Even more tendentious, however, is the fact that he takes Russ Feingold’s claim that “This bill appears to be legislation that the president wanted in the first place” at face value. As I think Glenn would recognize in most other contexts, bare assertions made by obviously self-interested parties don’t constitute reliable evidence. As Armando — who is much close to Greenwald’s position on Obama’s power here than mine — points out, given that Feingold has made his opposition to using reconciliation to pass a better health care bill clear, he’s not in a very good position to criticize anyone else’s strategic choices. The supermajority requirements in the Senate are the single biggest obstacle to getting a good bill passed, and the fact that even some progressive Senators aren’t willing to challenge them has crucially undermined the final bill, in a much more concrete way than Obama’s excessive moderation and strategic mistakes. (I’d be much more receptive to claims that Obama not being sufficiently cutthroat is the key factor if the marginal votes he needed were in the center of the Senate rather than the tenth seat to the right.)

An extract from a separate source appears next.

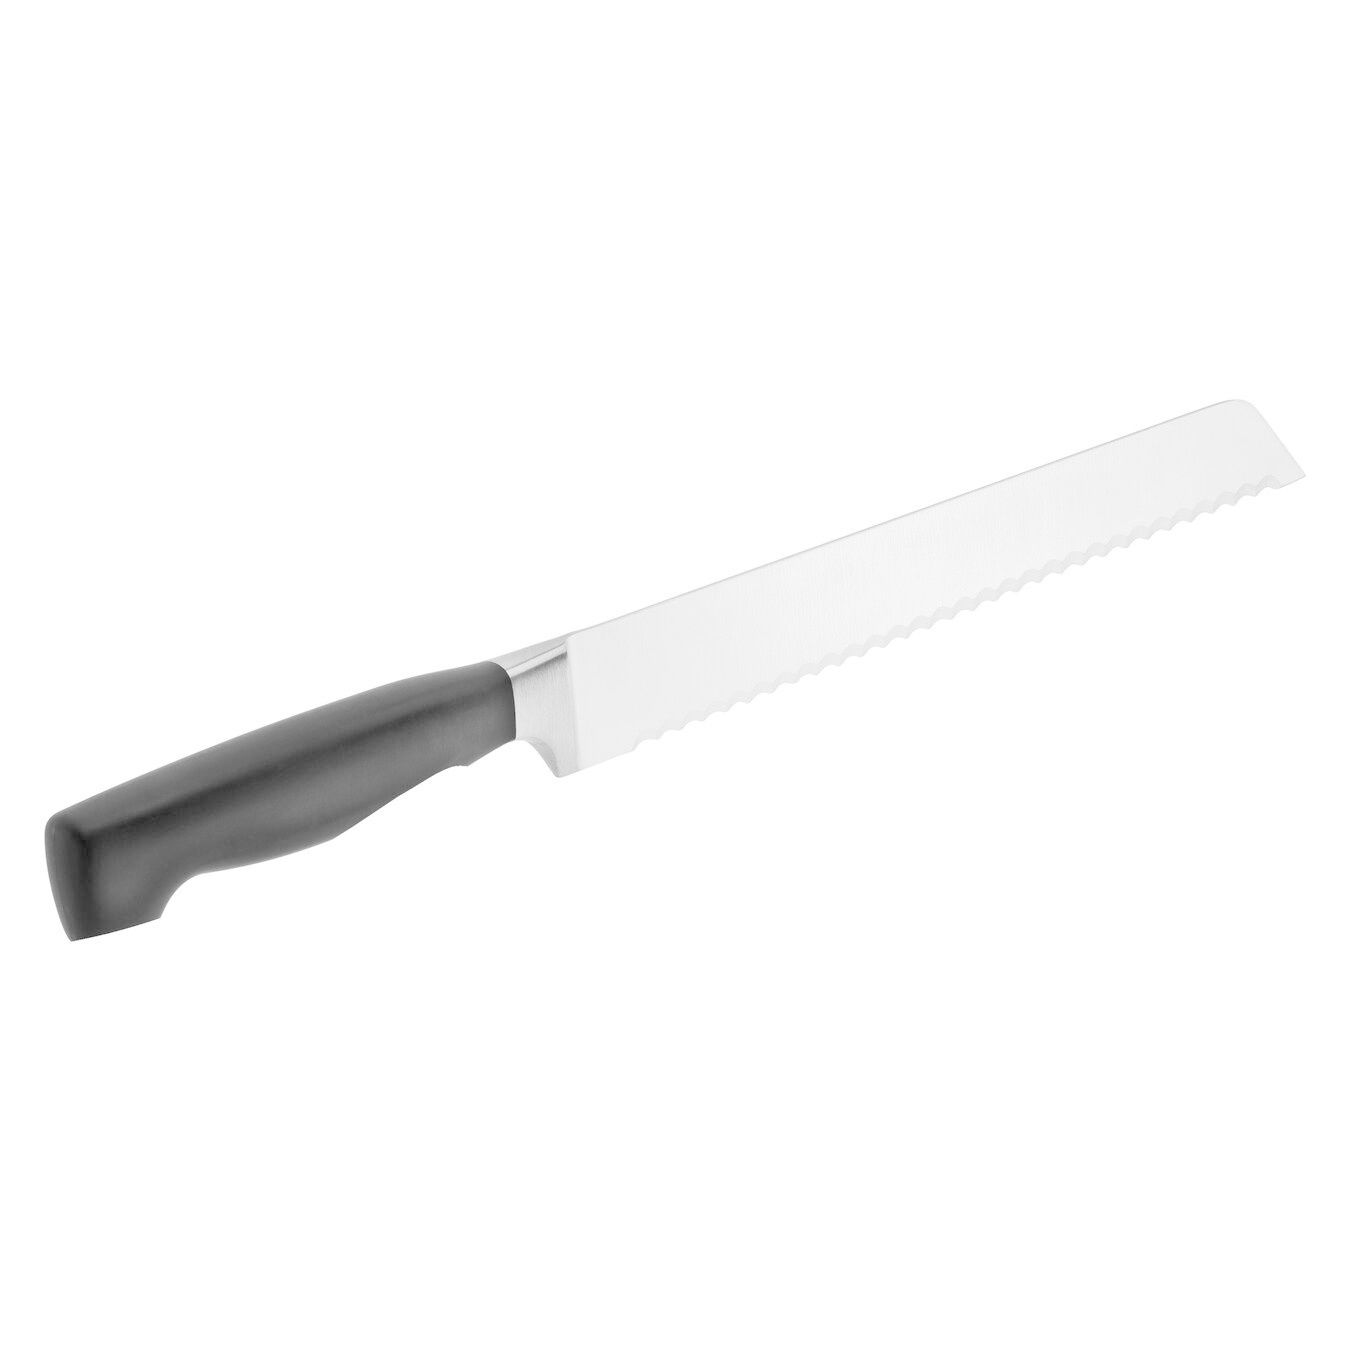 ZWILLING Four Star 8" Bread Knife Scallop Edge
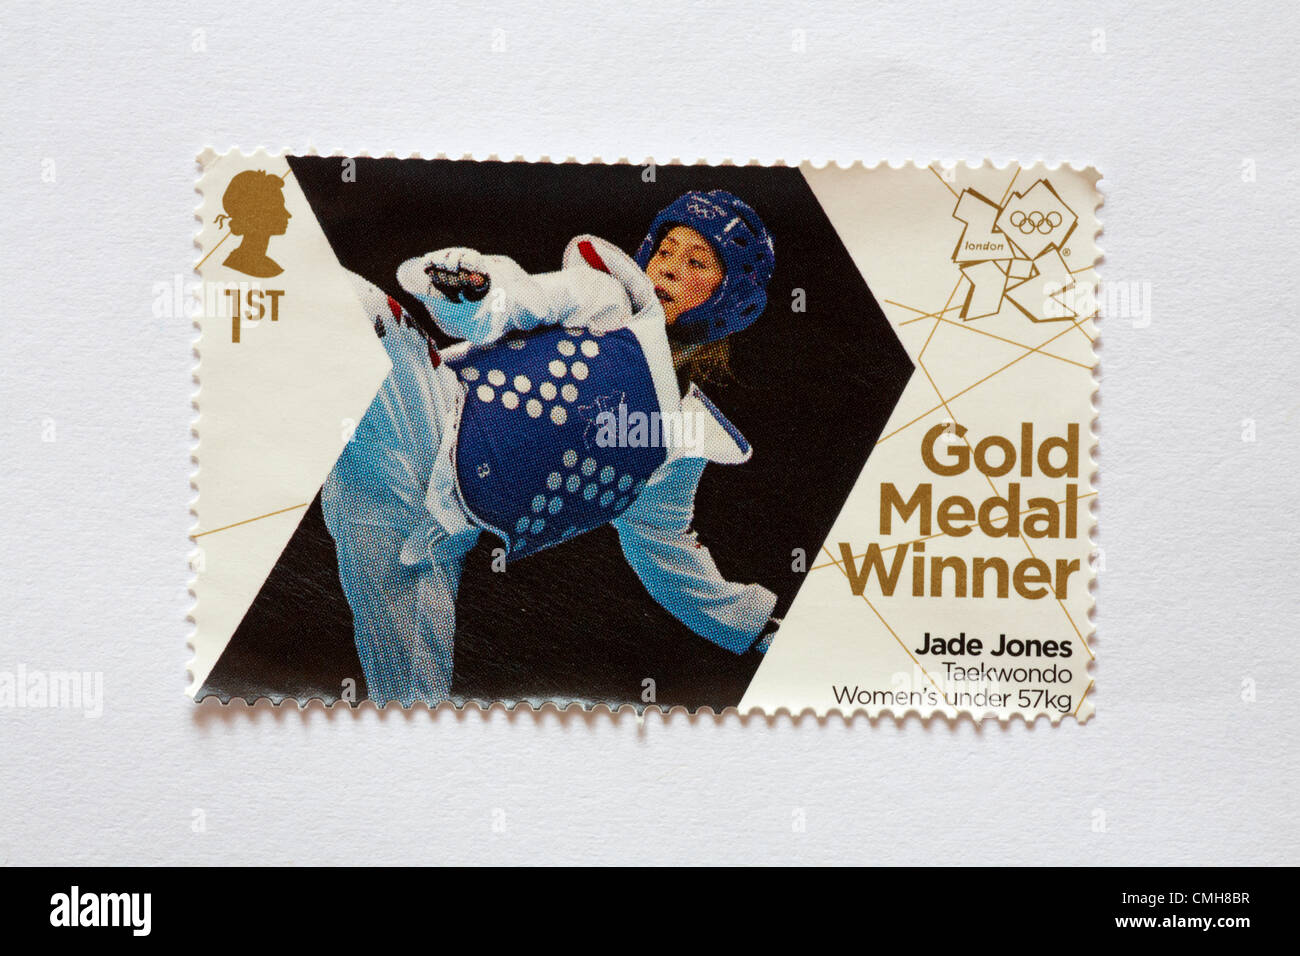 UK Friday 10 August 2012. Stamp to honour gold medal winner Jade Jones in the Taekwondo Women's under 57kg event. Stamp purchased and stuck on white to send to Olympic supporter.  Credit:  Carolyn Jenkins / Alamy Live News Stock Photo

It’s hard to know how to apportion responsibility exactly — separation-of-powers systems tend to nullify accountability, and we can’t trust the accounts of either senators or the White House about what’s going on. But I certainly haven’t heard a plausible account of how even a more liberal White House could magically get 60 votes for a bill with a robust public option in the Senate.
…Let’s not forget Baucus and the Gang of 6, either.